No terceiro poema de "Notícias de Clã", o tema da morte emerge. Com "Os chamados", Drummond relata a dificuldade em nascer e de se conseguir sobreviver naquele início de século, mesmo quando se pertence a um clã tradicional cheio de bens. Uma febre que acometia os recém-nascidos, levando-os à morte logo nos primeiro dias de vida, rondava também a "casa grande" da sua família. Aquele tipo de tétano já havia levado à morte quatro de seus irmãos antes do seu nascimento. Todos morriam, geralmente, antes dos dois anos. Quando Geraldo vive "3 anos, 5 dias", "vive uma eternidade." Esses inocentes são chamados a morrer, sem explicação e sem que nada tenham feito para isso, por um "deus", com letras minúsculas, que parece nem se importar com suas curtas e precoces vidas.
O oitavo e último poema de "Notícias de Clã", "O preparado", é um poema em verso livre combinado com o metro. Também retomando esse mesmo tema, o da morte de um irmão por crupe (espécie de difteria): Geraldo, com quem Drummond dividia o quarto, quando tinha apenas quatro anos e era um ano mais novo que ele. Na sua inocência infantil pergunta completamente sem saber "porque morreu aquele irmão/ que há pouco brincava no quarto/ sem qualquer signo na testa?" Talvez esse desentendimento que ocorre ao poeta seja fruto da memória involuntária, que apenas reproduz a surpresa e a confusão em que ficara a criança de 4 anos, que perdera o irmão tão repentinamente. Conta, inclusive, como a morte foi fulminante: "Foi só o tempo de arder em febre/ e de o doutor lhe receitar/ um preparado que não havia."
Mesmo com todos os benefícios de que dispunha a família Andrade, os recursos da época eram muito atrasados.

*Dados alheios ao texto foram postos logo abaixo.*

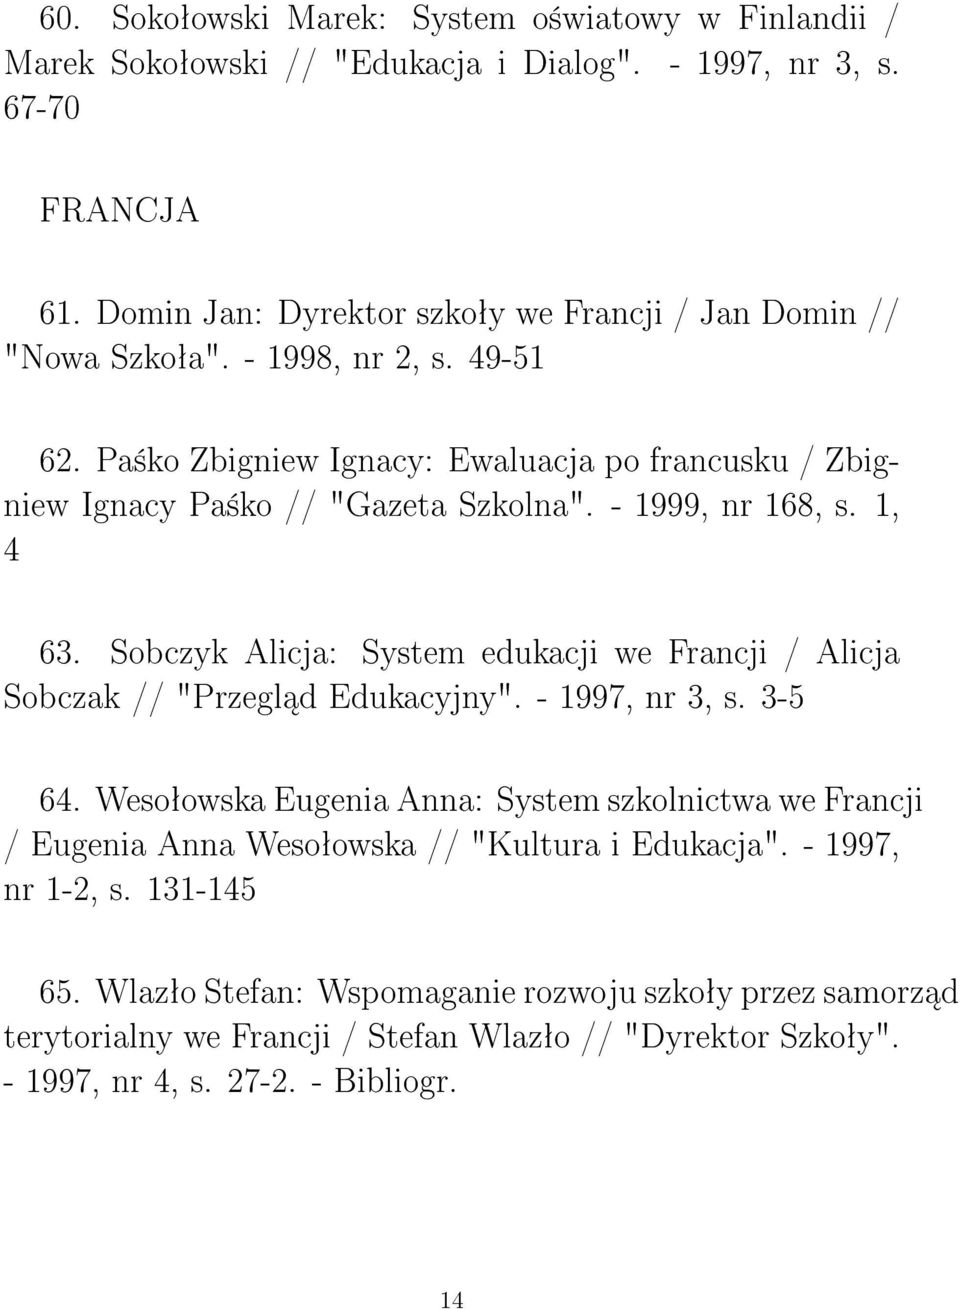 - 1999, nr 168, s. 1, 4 63. Sobczyk Alicja: System edukacji we Francji / Alicja Sobczak // "Przegl d Edukacyjny". - 1997, nr 3, s. 3-5 64.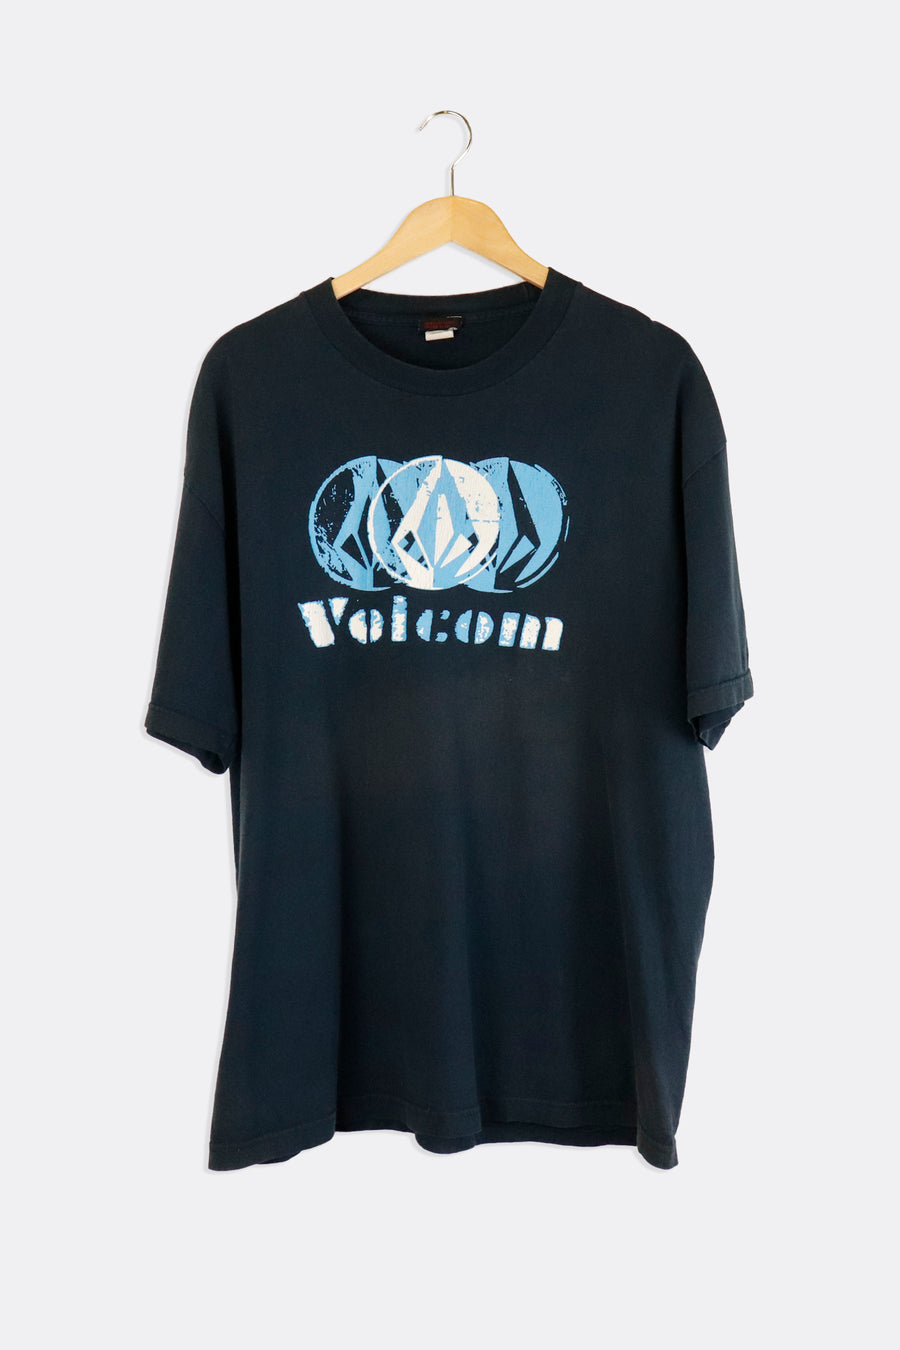 Vintage Volcom Blue Vinyl Logo T Shirt Sz XL

A distância entre a Itabira interiorana e a capital era muito significativa e o tempo de espera muito longo. O transporte era precário para levar a "encomenda pelo correio, e quando veio/ em lombo de burro, no chouto,/ a morte beijara o menino." A ex-escrava do capitão Elias (avô de Drummond) Sá Maria Fernandes, aparece aqui nesse poema, simbolizando o respeito do menino por aquela figura mágica, cheia de amuletos e resmungando palavras africanas o tempo todo: "Sá Maria diz que é o destino."
"Drama Seco", quarto poema de "Notícias de Clã" narra por meio de brincadeiras com as palavras um fato triste: o rompimento de um casamento. É uma peça narrativa desenvolvida em forma de poema. A ironia amarga drummondiana, relata um fato, senão engraçado, "risível". Através de figuras de repetição e jogos com as palavras ("terno noivo/ terno novo"), Drummond tece uma narração, talvez, acerca do rompimento do noivado tranqüilo de sua irmã mais velha; Rosa Amélia com um rapaz chamado Xicado, por ocasião da mudança repentina de sua família para Belo Horizonte, em 1920. "Que será da noiva - toma o hábito/ ou se consagra à renda de bilro para sempre?"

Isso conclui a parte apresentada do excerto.